WHAT YOU SHOULD DO: In the records below, repeat word for word only the lines starting at the one that contains "dialogic media board" and ending at the one that contains "Unfinished Halloween Work- Buddy", pictures excluded.

━━━━━ DATA PROVIDED

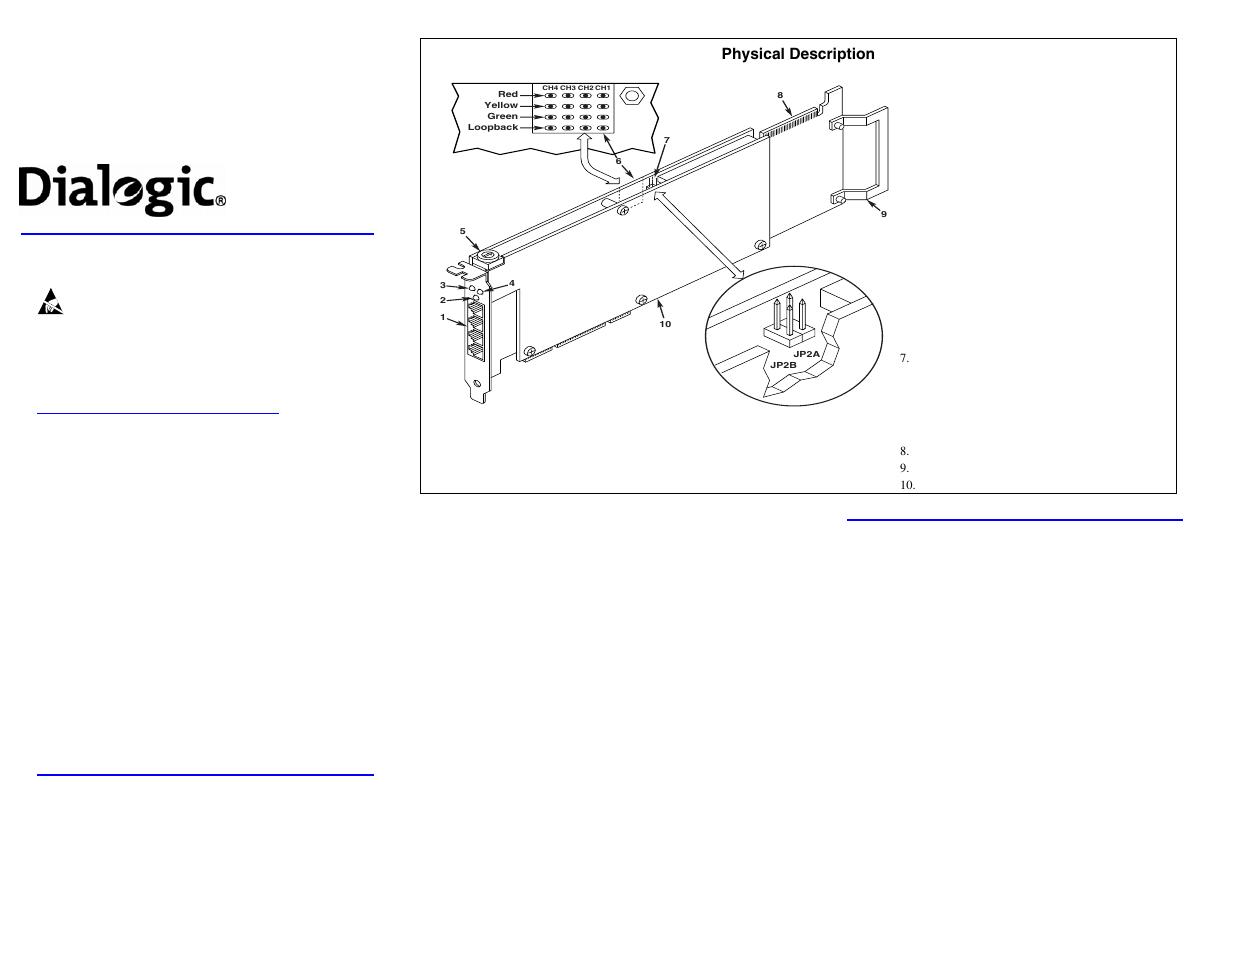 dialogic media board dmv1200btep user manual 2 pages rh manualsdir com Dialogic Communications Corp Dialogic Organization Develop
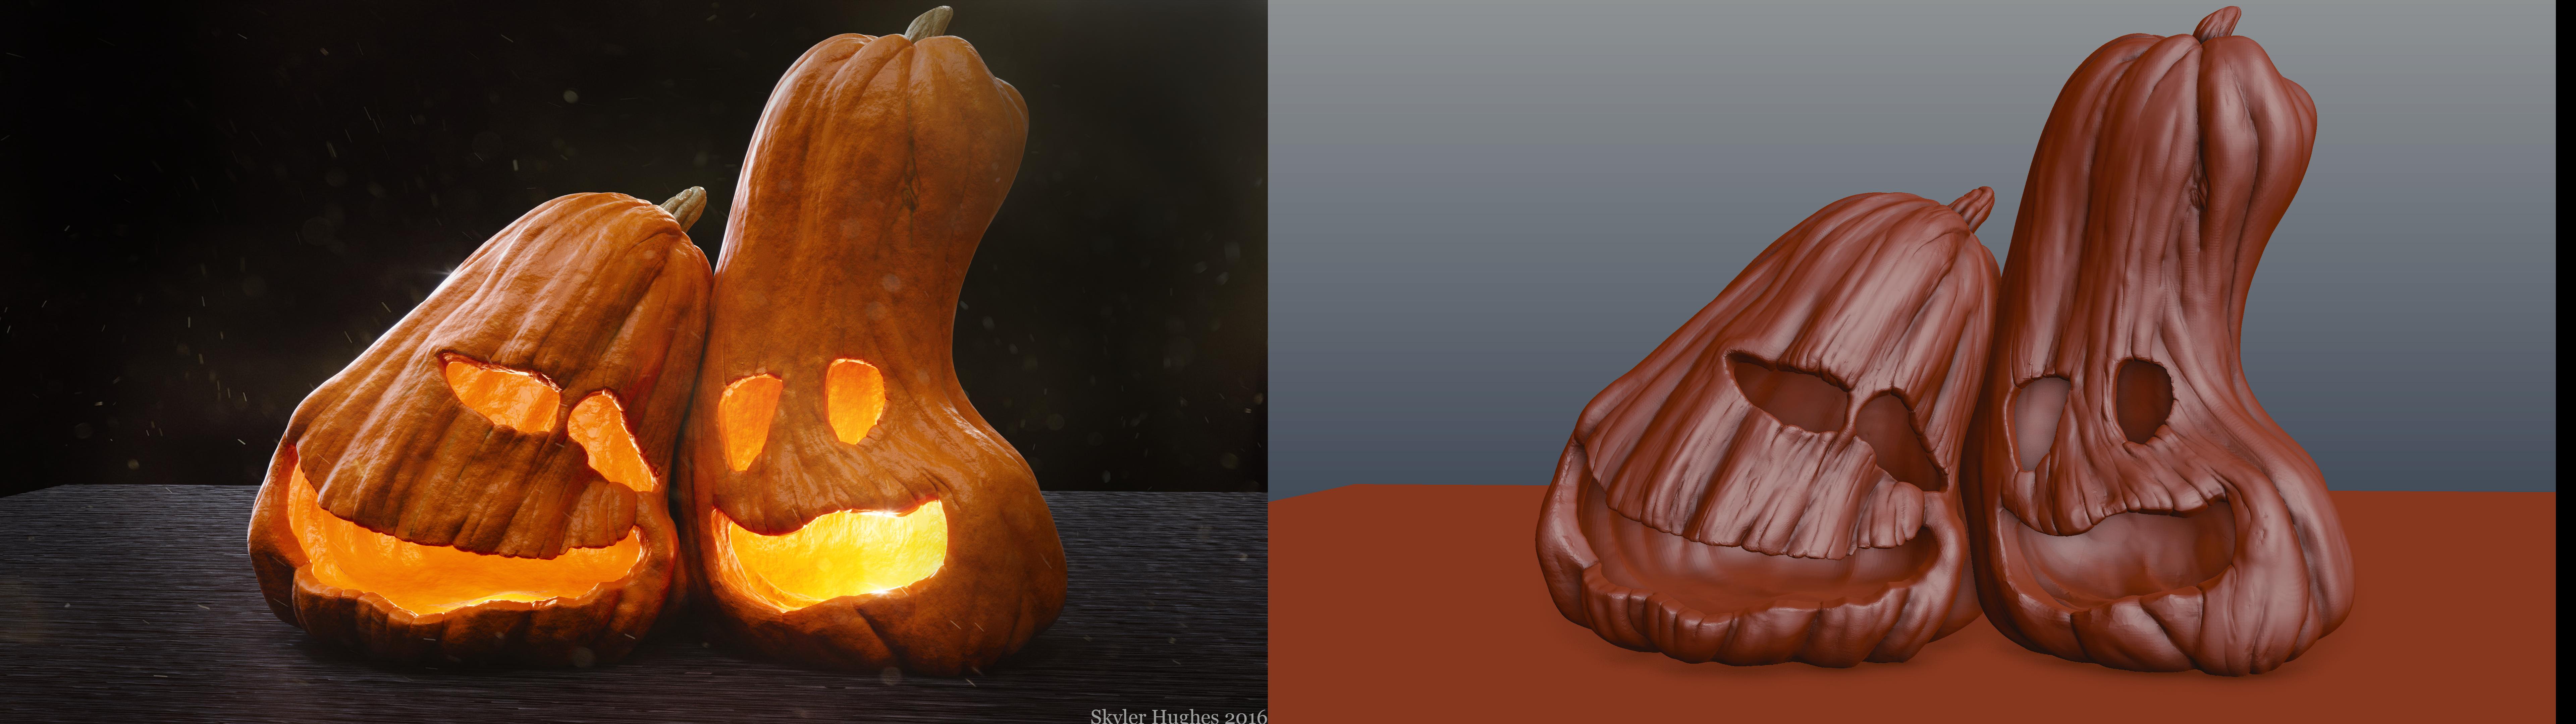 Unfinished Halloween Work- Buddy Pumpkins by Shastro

━━━━━━━━━━
━━━━━ DATA PROVIDED

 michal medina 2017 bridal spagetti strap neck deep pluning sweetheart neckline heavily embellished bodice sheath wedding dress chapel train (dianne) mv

━━━━━━━━━━
━━━━━ DATA PROVIDED

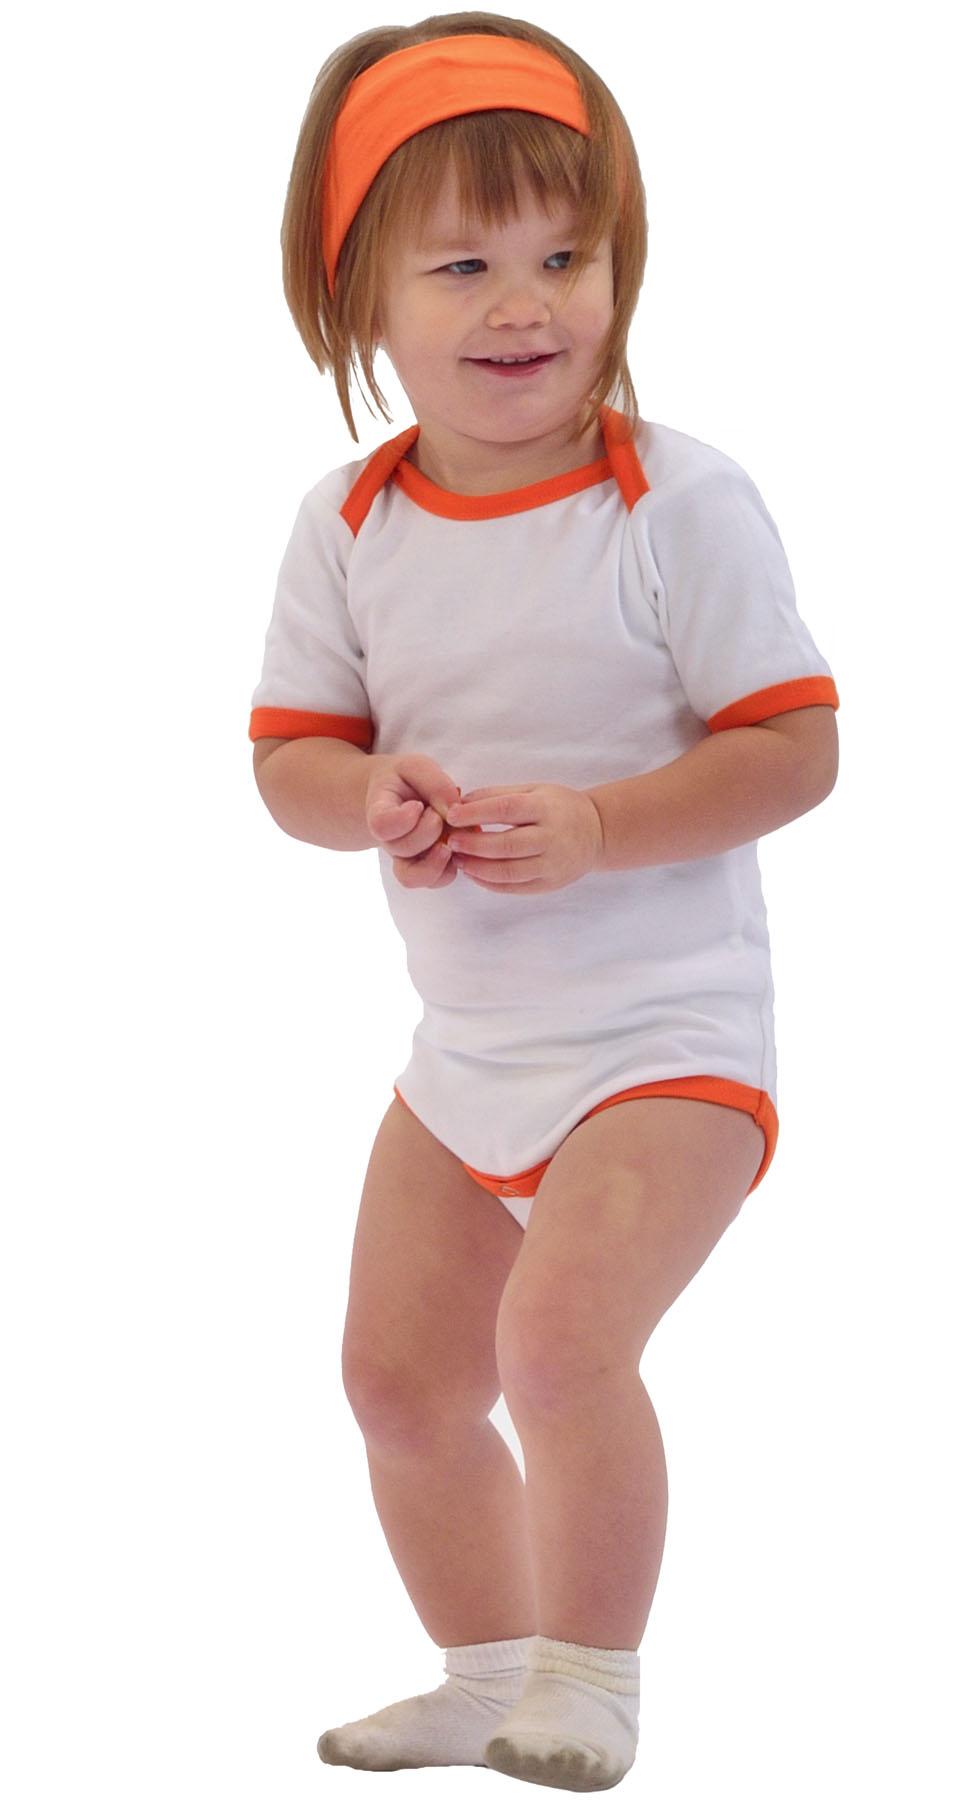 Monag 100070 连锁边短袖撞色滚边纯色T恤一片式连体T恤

━━━━━━━━━━

REPLY TO THE TASK:
 dialogic media board dmv1200btep user manual 2 pages rh manualsdir com Dialogic Communications Corp Dialogic Organization Develop
 Unfinished Halloween Work- Buddy Pumpkins by Shastro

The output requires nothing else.